C’est un peu ce qui a freiné l’essor du rock. Mais pas seulement. Car un autre style de contestation a fait des émules au Maghreb, surtout en 2011 au moment des « printemps arabes ». La scène underground devient le porte-drapeau de la jeunesse. Mais ici il n’est pas question de punk ou de rock, c’est le rap qui devient le principal outil de contestation. Des artistes qui deviennent les chantres d’une jeunesse révoltée. Les rockeurs, eux, restent minoritaires et sont moins médiatisés. La population voit dans les riffs électriques, dans le métal et dans le punk, des sons trop sulfureux.
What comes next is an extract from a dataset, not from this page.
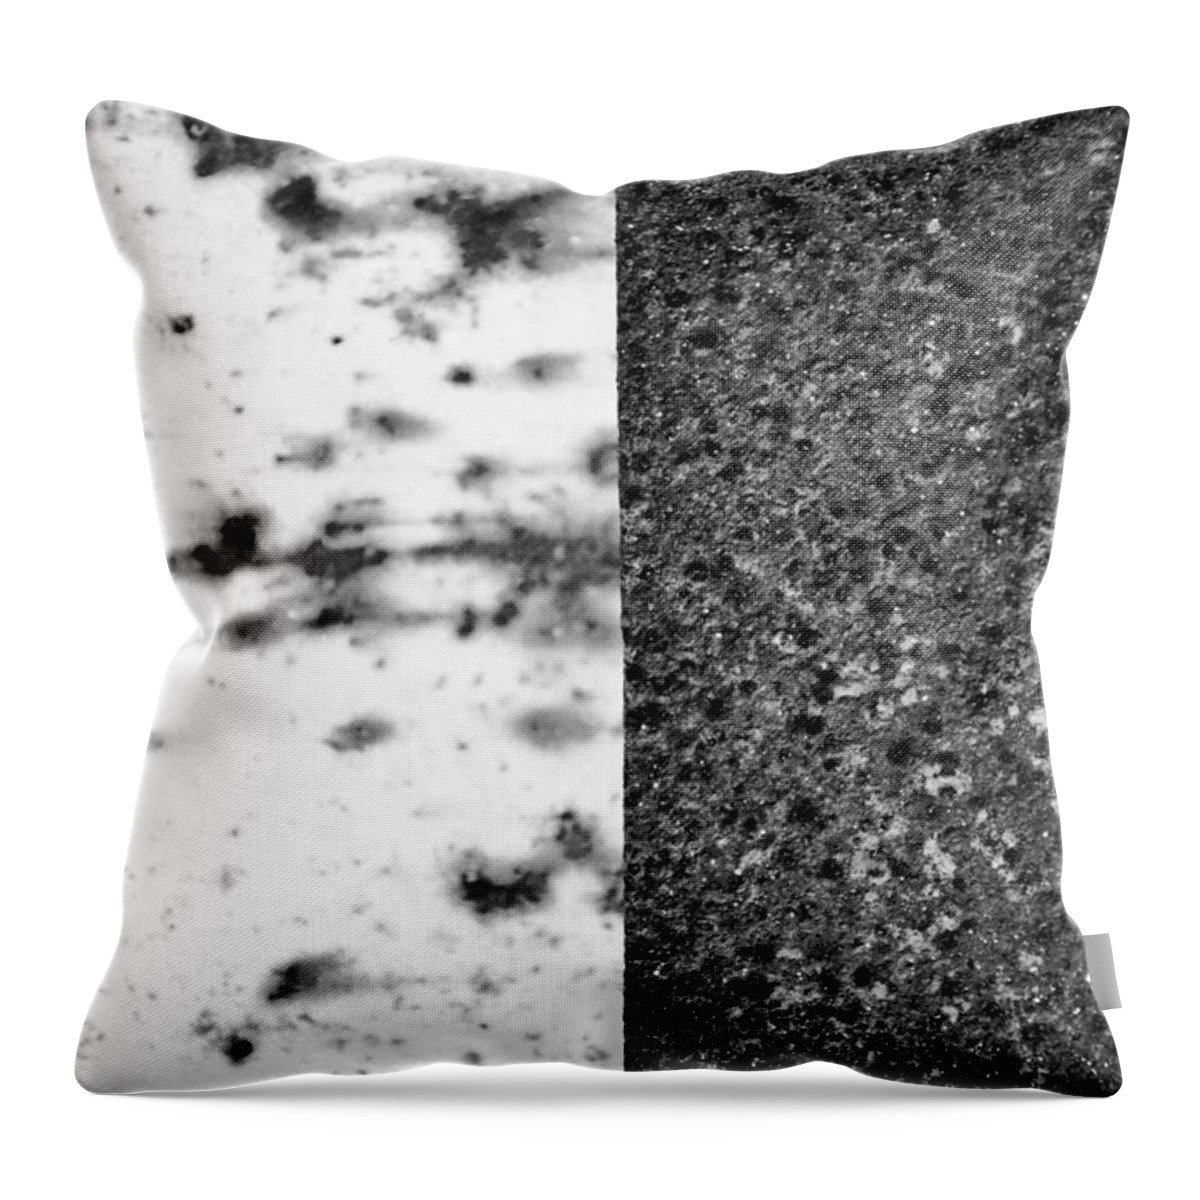 Dichotomy Throw Pillow featuring the photograph Dichotomy by Tom Druin

Le rap, toujours en darja, devient l’art populaire par excellence, alors que le rock se chante bien souvent en anglais. Le rap s’intéresse aux problèmes sociétaux là où le rock conteste la politique des pouvoirs en place. C’est un fait indéniable : depuis les années 1960, le rock n’a jamais vraiment percé au Maghreb, où les rappeurs font désormais office de rock stars.